When we consider the timing of this change, we recognize
that the stations were adjusting to the new reality of the
onslaught of cable TV. The industry was evolving; major markets
that had for decades only 9 stations, then had 30, and then
300-and all this was happening at a pretty zippy pace. The
folks who could interpret overnights had increasing responsibility
to keep their stations or networks afloat, and they gathered
the resources needed, resources that were commensurate with
their new power. And so form began to triumph over content.

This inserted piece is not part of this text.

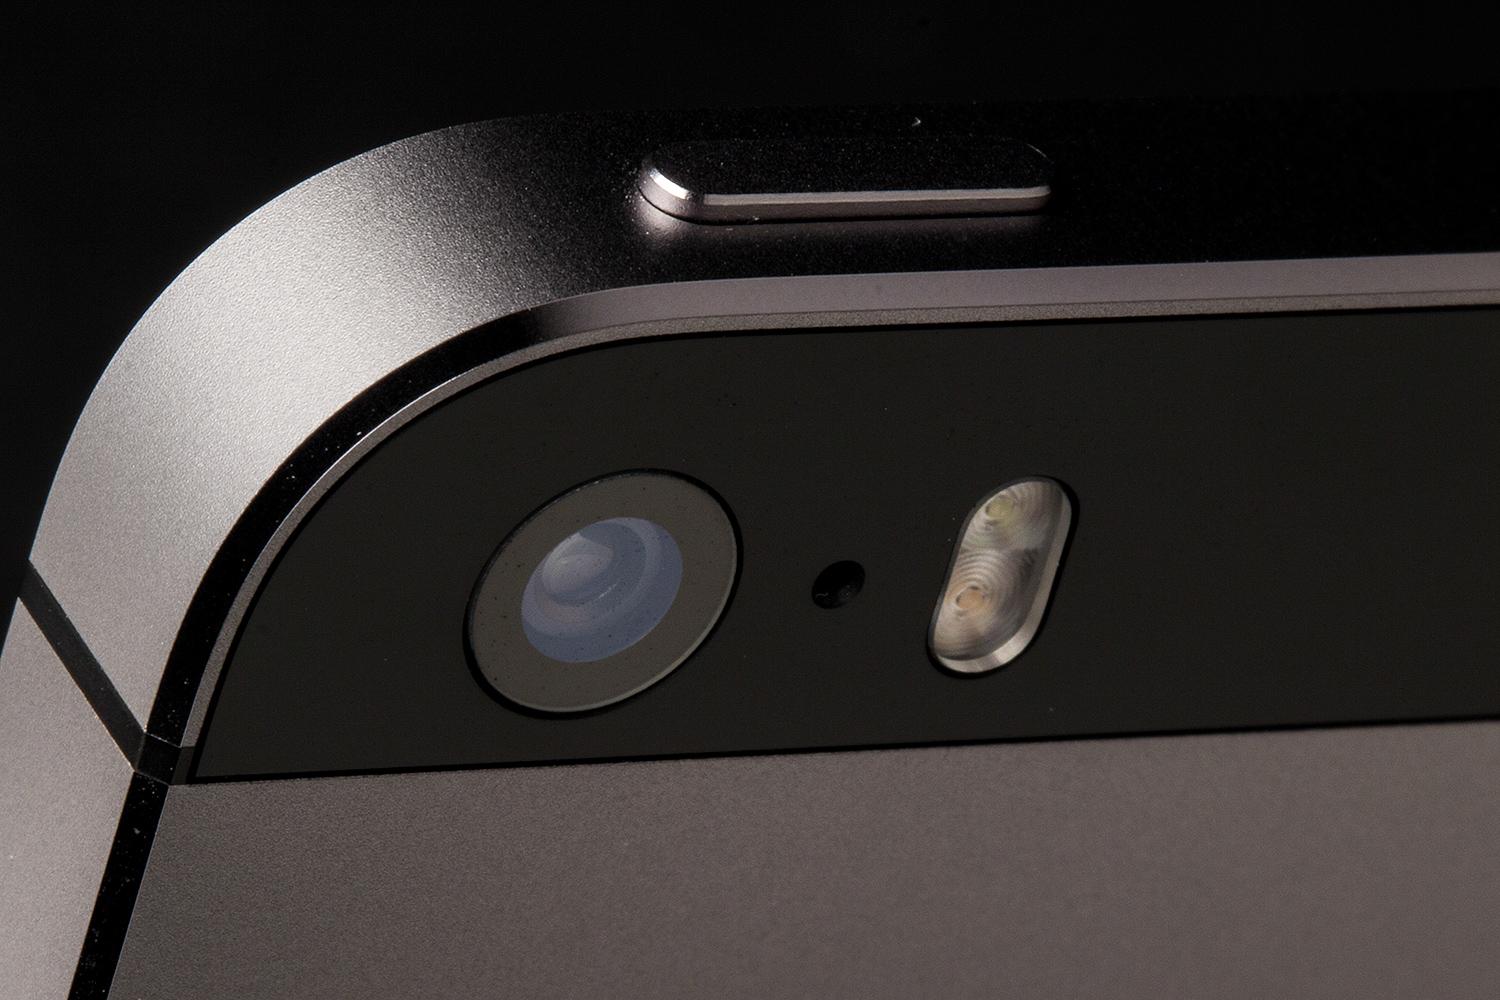 apple-iphone-5s-screen-rear-camera-macro
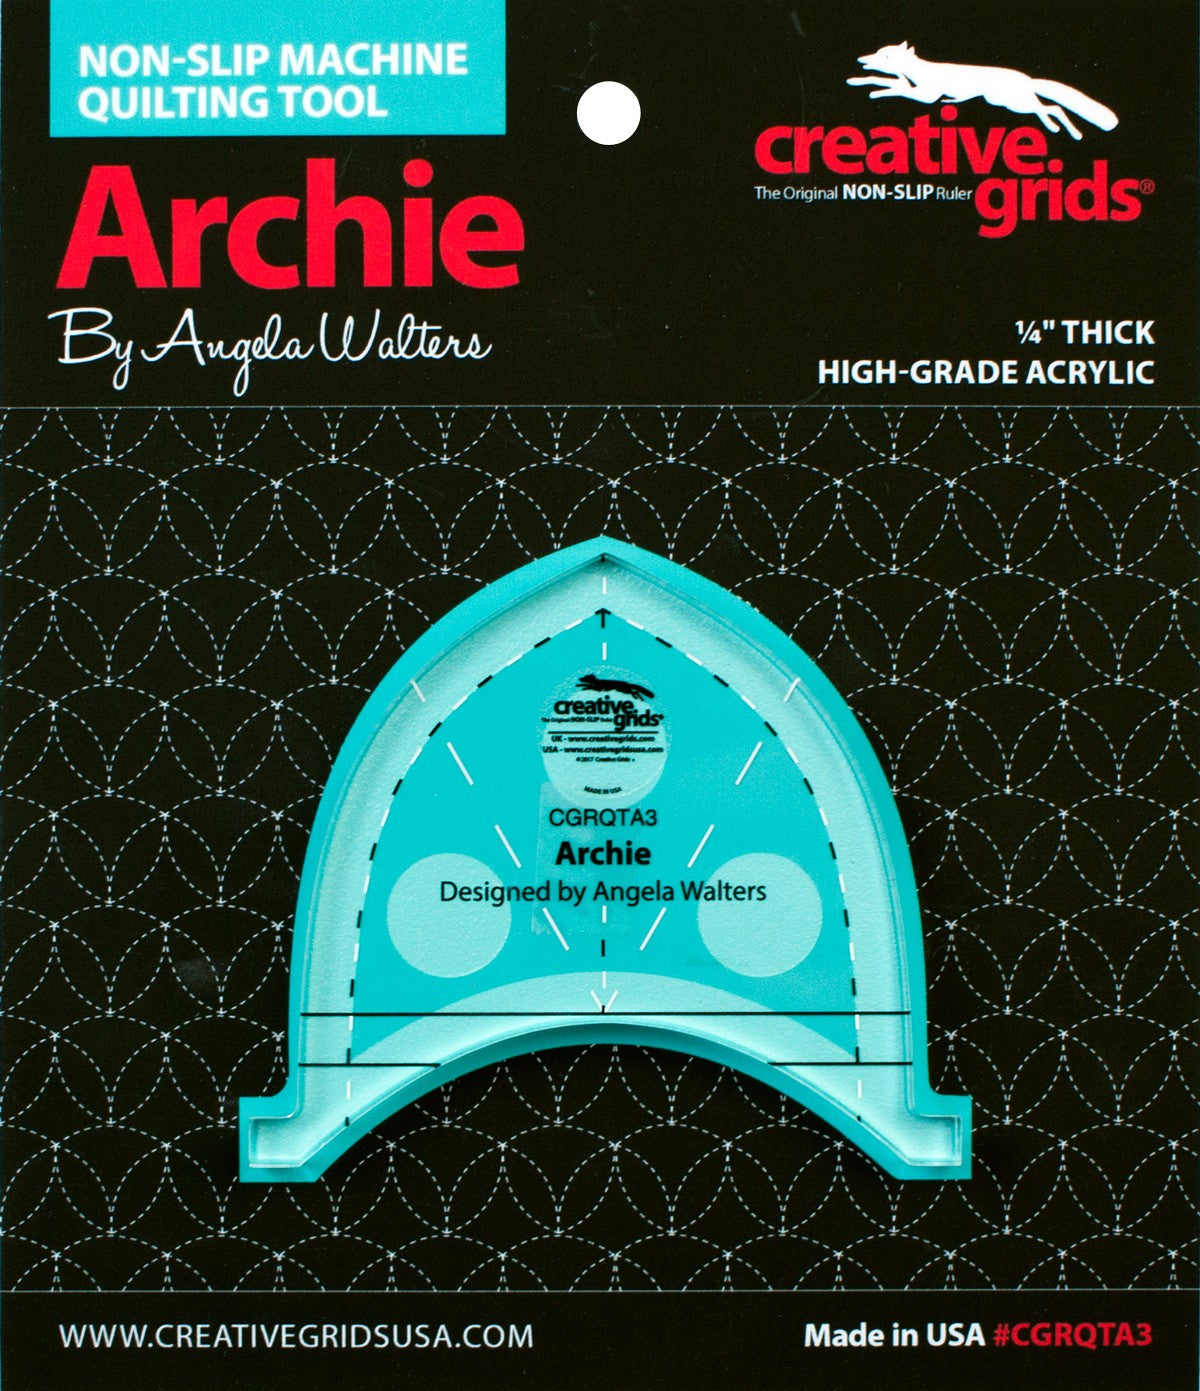 Creative Grids Machine Quilting Tool - Archie (CGRQTA3)

The message to journos, then, became clear: 'the artists
don't work for you any more-they are busy with more important
things'. The result is what you see on TV news now: pointlessly
spinning, twirling, pulsing, flashing and dashing stuff like
the FOX NEWS ALERT (not an alert at all but a simple, scheduled
update), or the redesigned "Crossfire," which dumped
it's simple black setting for a look so intense it practically
melts the glass on my old Zenith.
The fact is, when everything is high impact, in short order
nothing has any impact. At that point viewers, at some level
of their consciousness, begin to tune things out-perhaps without
really even being aware that we're doing it. Right now, when
the news is examining issues of unprecedented importance,
viewers could do without the distractions. 'Tuning out' is
the real danger.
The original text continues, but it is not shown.